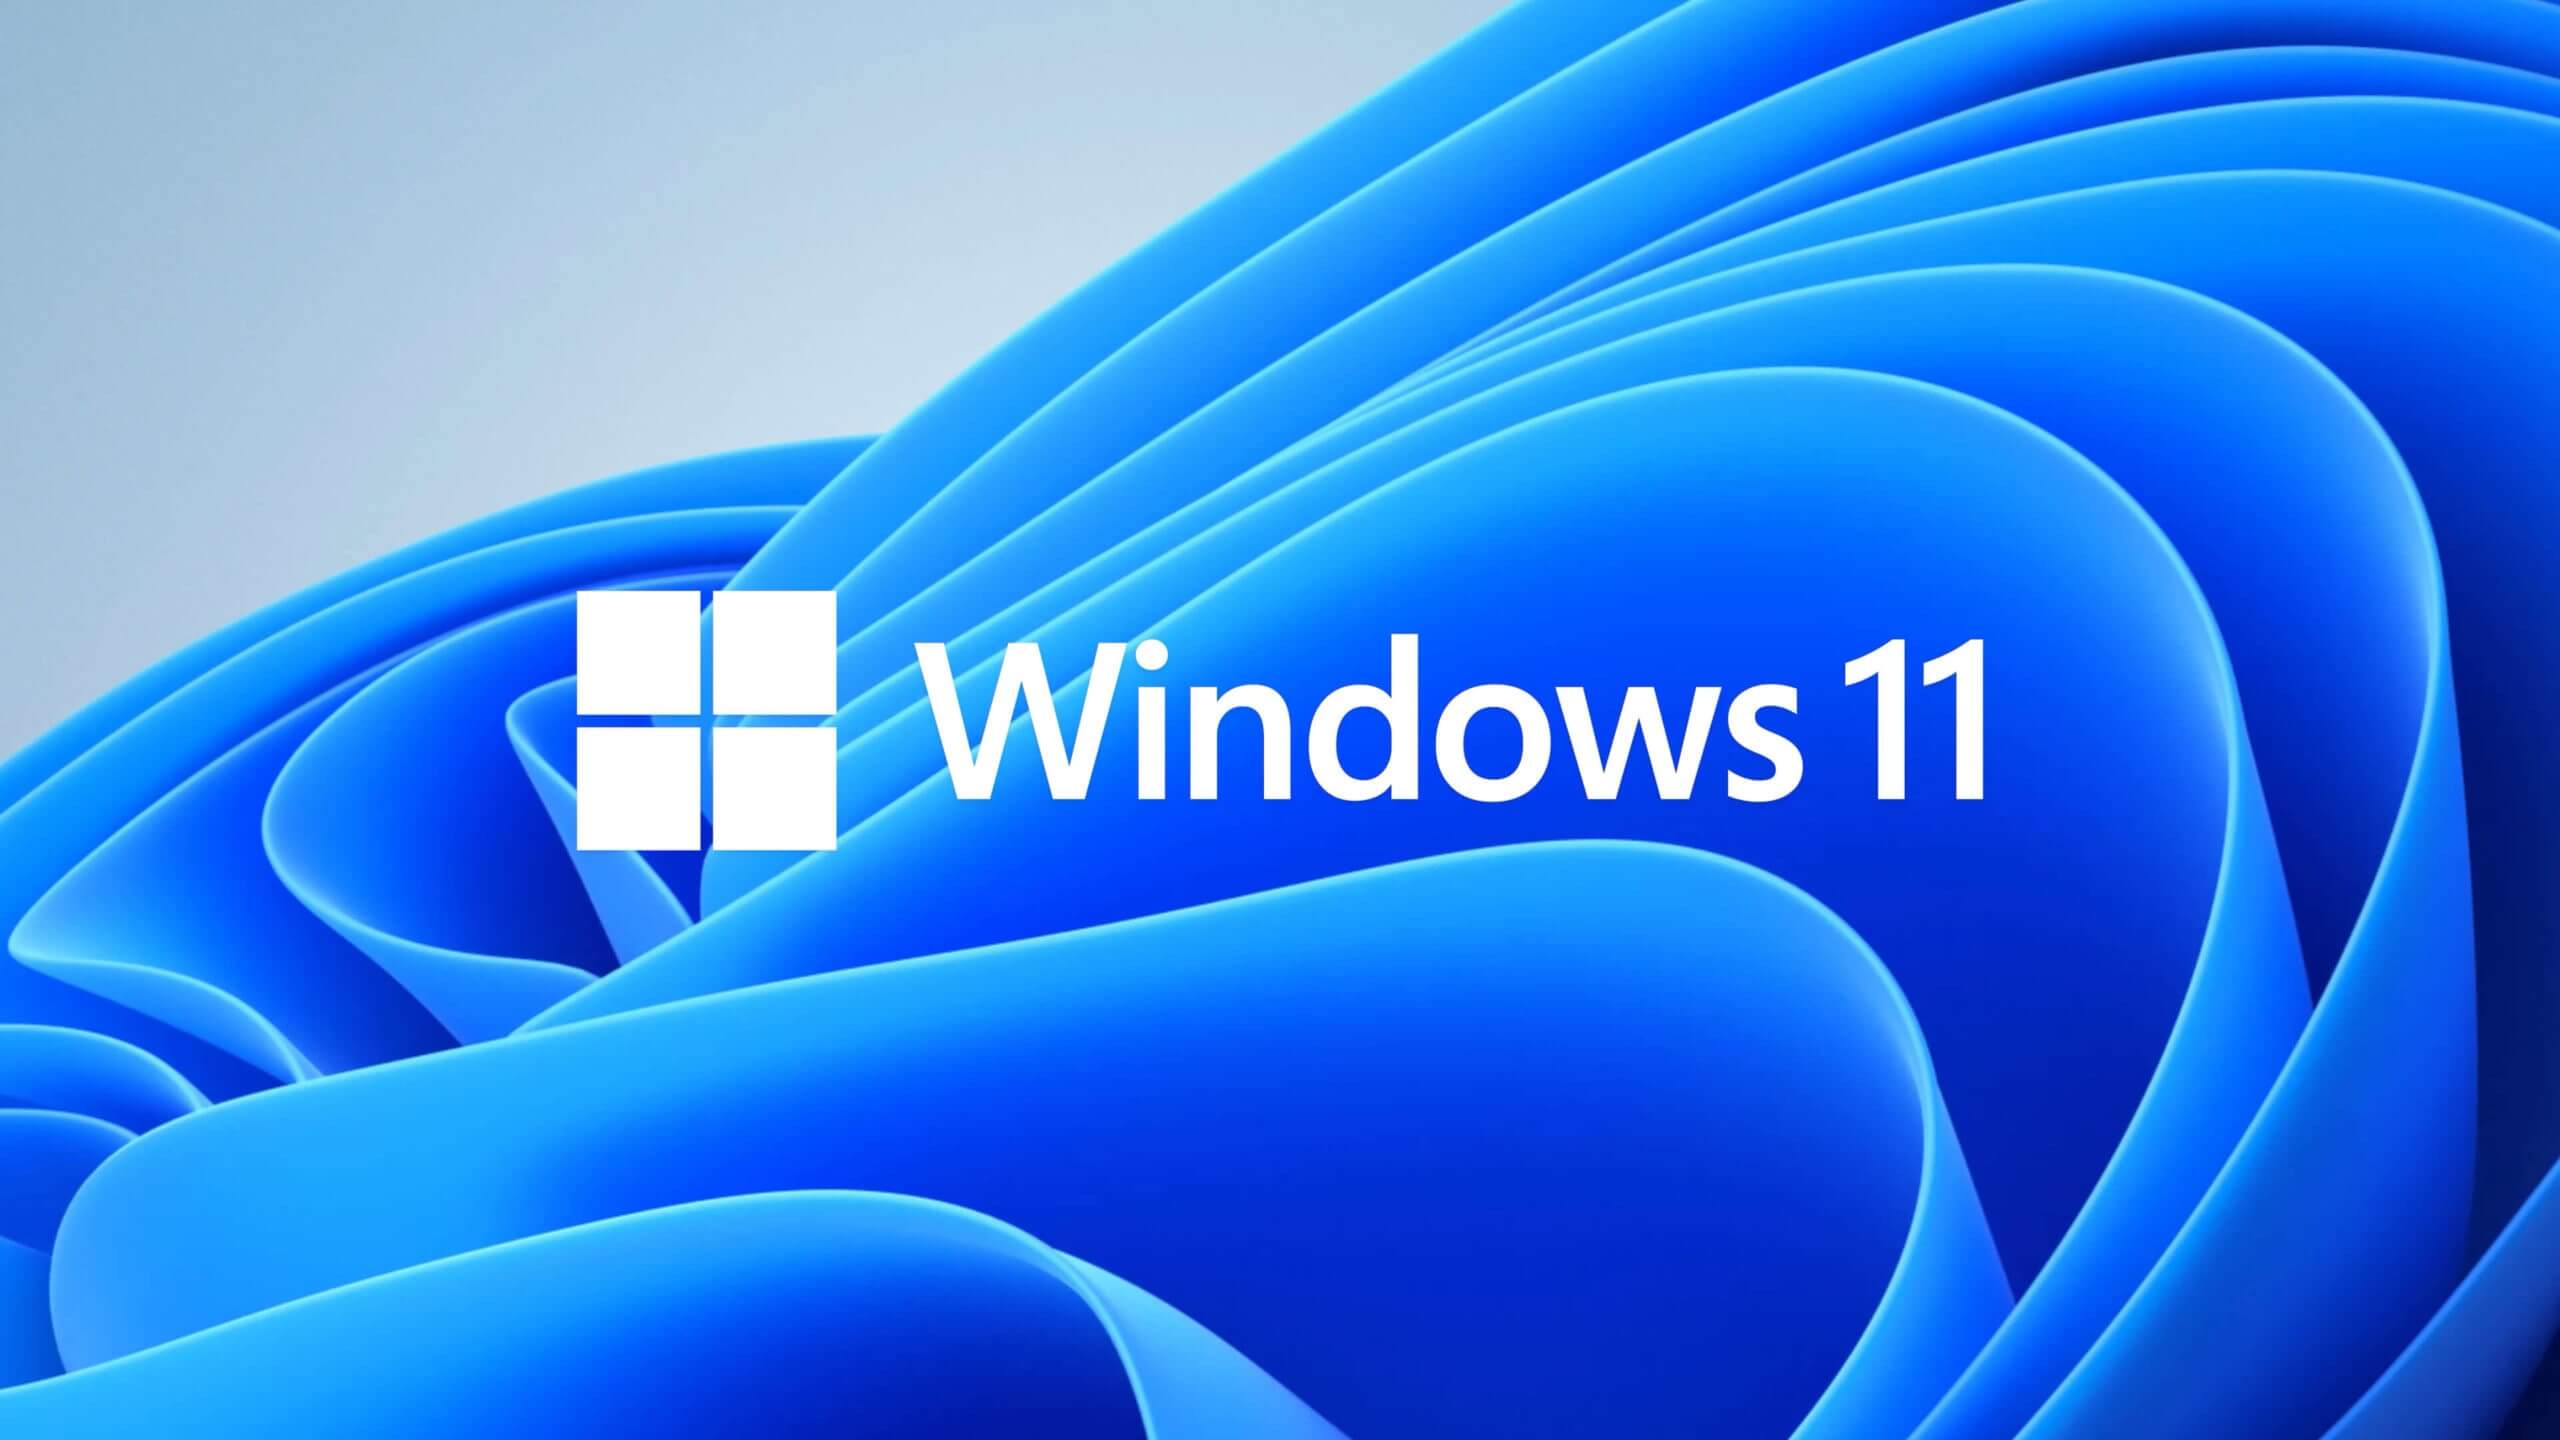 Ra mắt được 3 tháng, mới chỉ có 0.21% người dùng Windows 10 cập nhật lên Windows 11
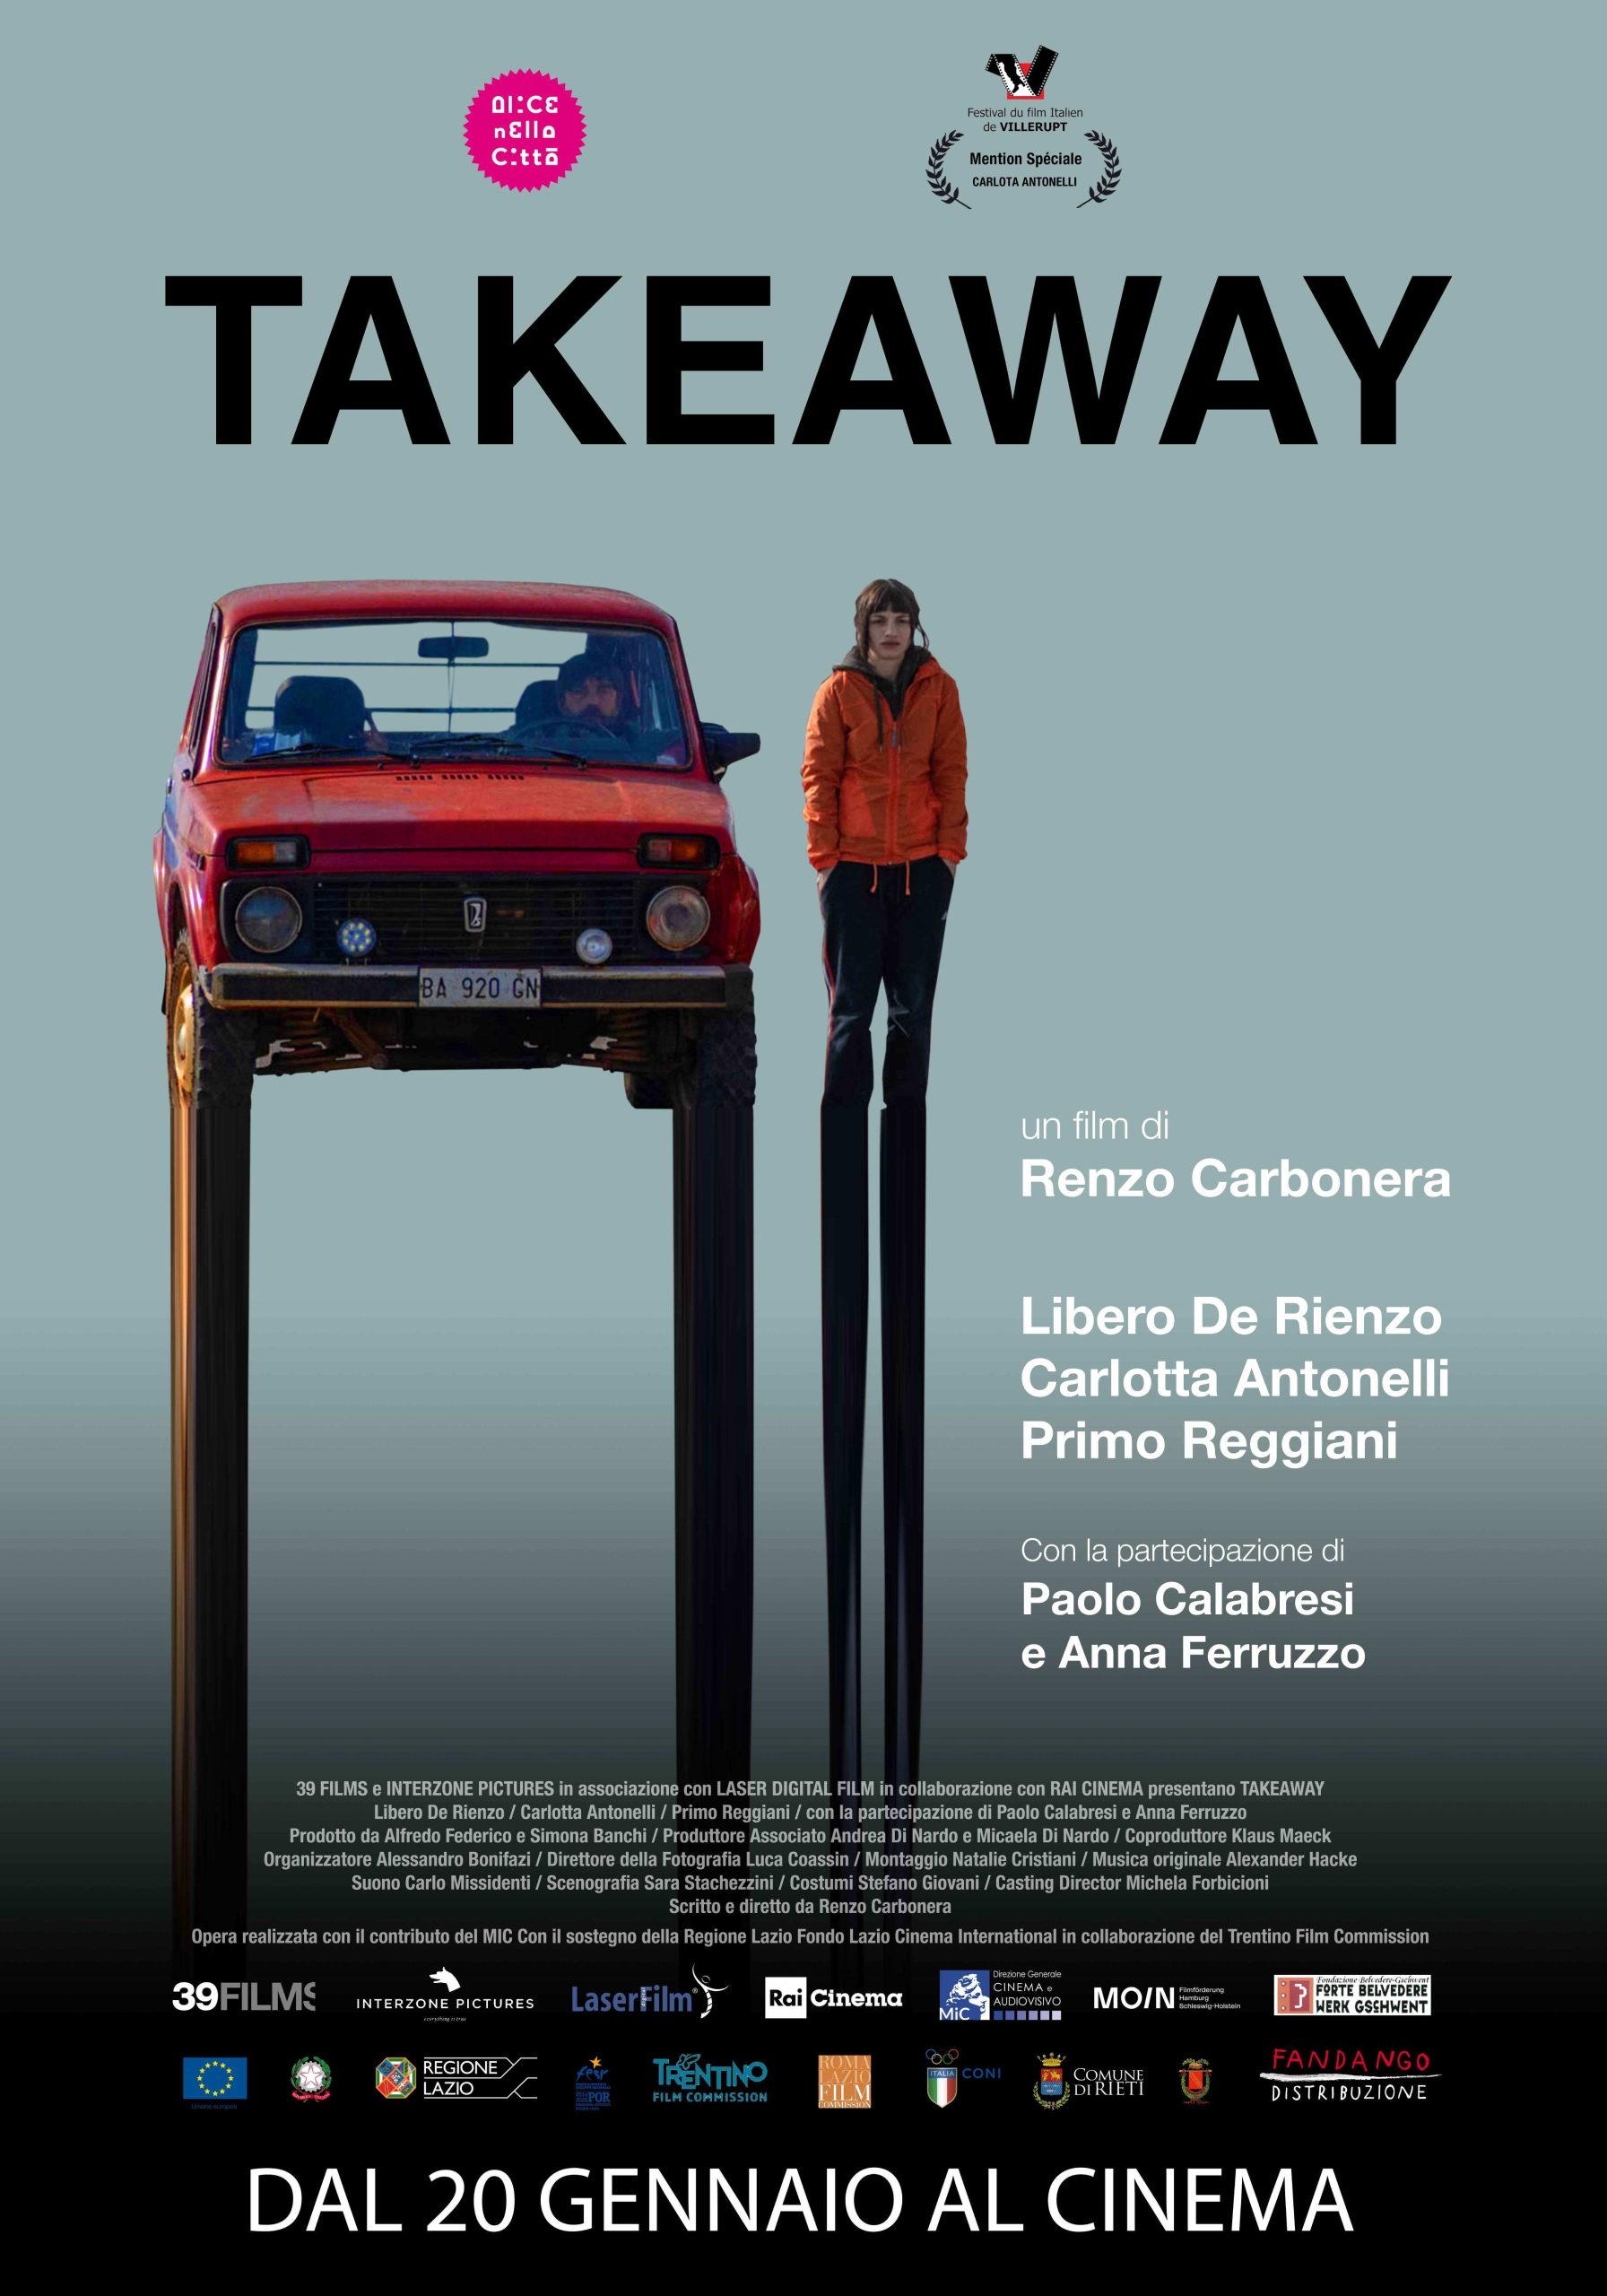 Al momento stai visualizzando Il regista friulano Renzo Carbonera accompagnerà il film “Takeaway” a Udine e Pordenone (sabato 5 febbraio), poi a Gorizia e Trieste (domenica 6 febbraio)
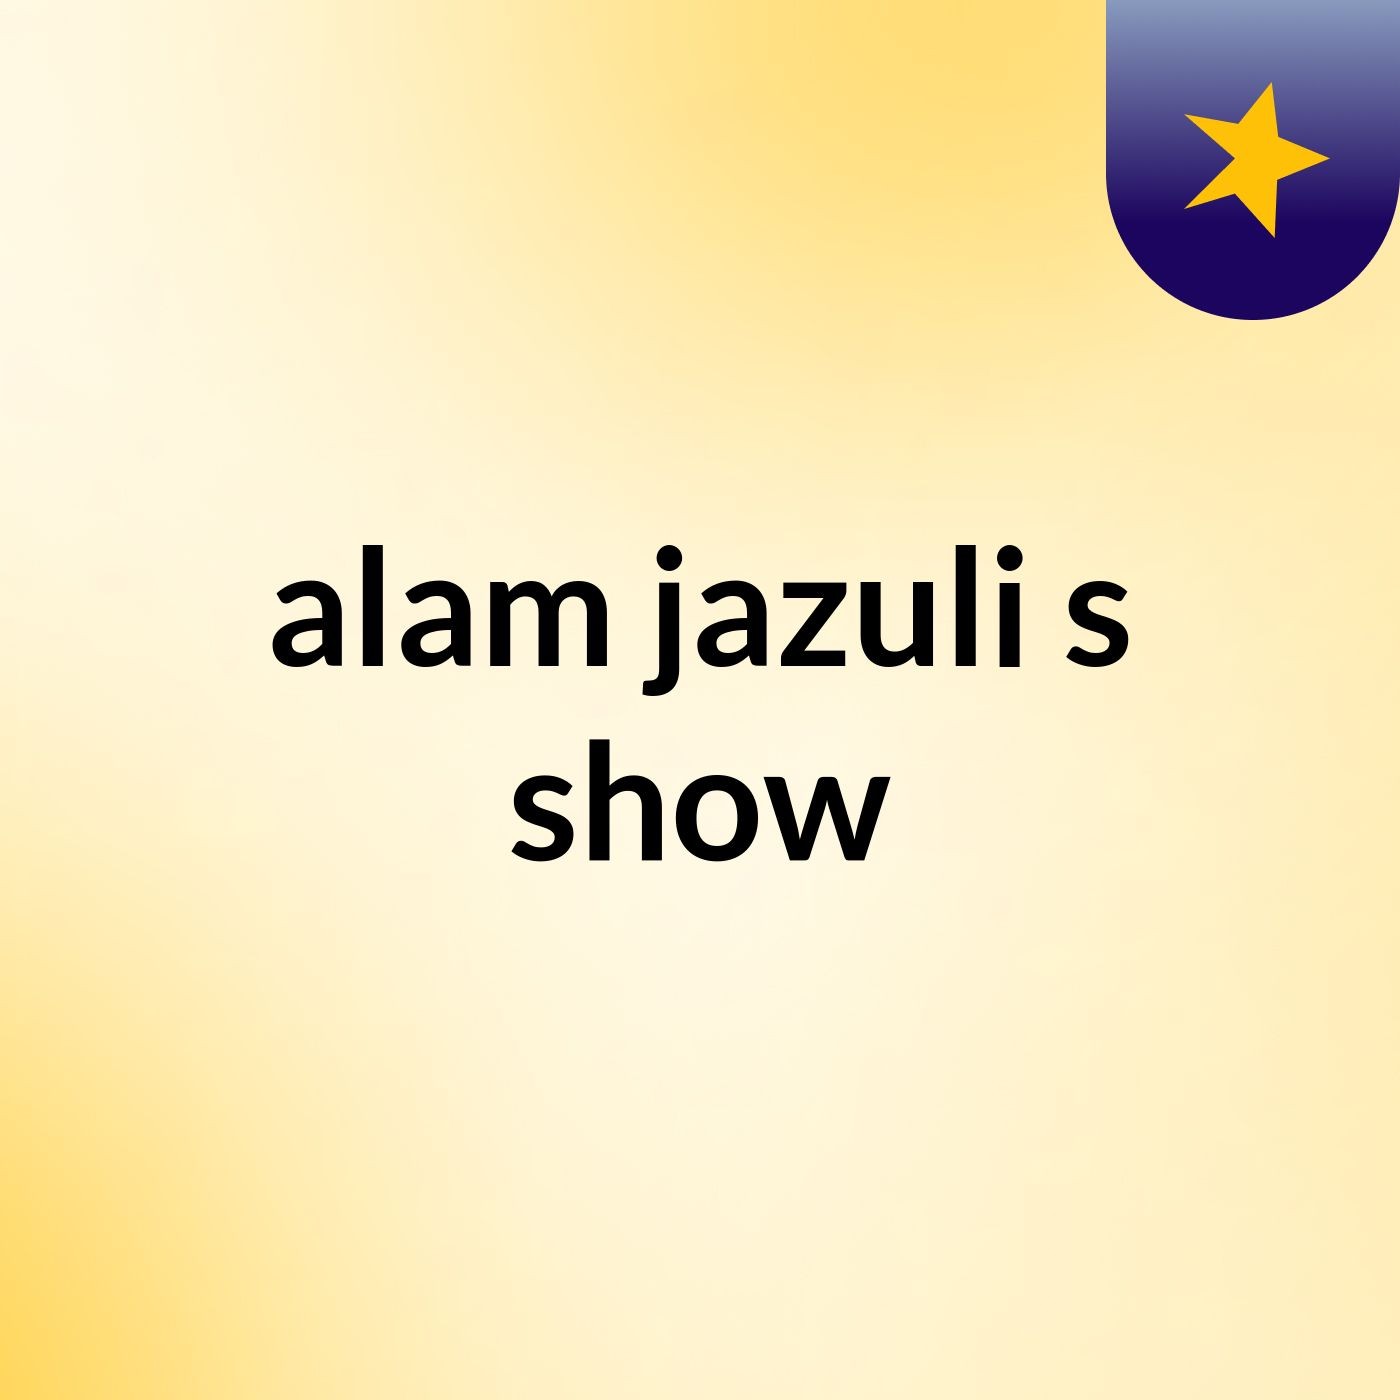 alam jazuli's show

++++++

*WHAT YOU SHOULD DO*
An exact transcript of the listing is needed, free of pictures.

*SOLUTION TO THIS TASK*
 Ra mắt được 3 tháng, mới chỉ có 0.21% người dùng Windows 10 cập nhật lên Windows 11
 Al momento stai visualizzando Il regista friulano Renzo Carbonera accompagnerà il film “Takeaway” a Udine e Pordenone (sabato 5 febbraio), poi a Gorizia e Trieste (domenica 6 febbraio)
 alam jazuli's show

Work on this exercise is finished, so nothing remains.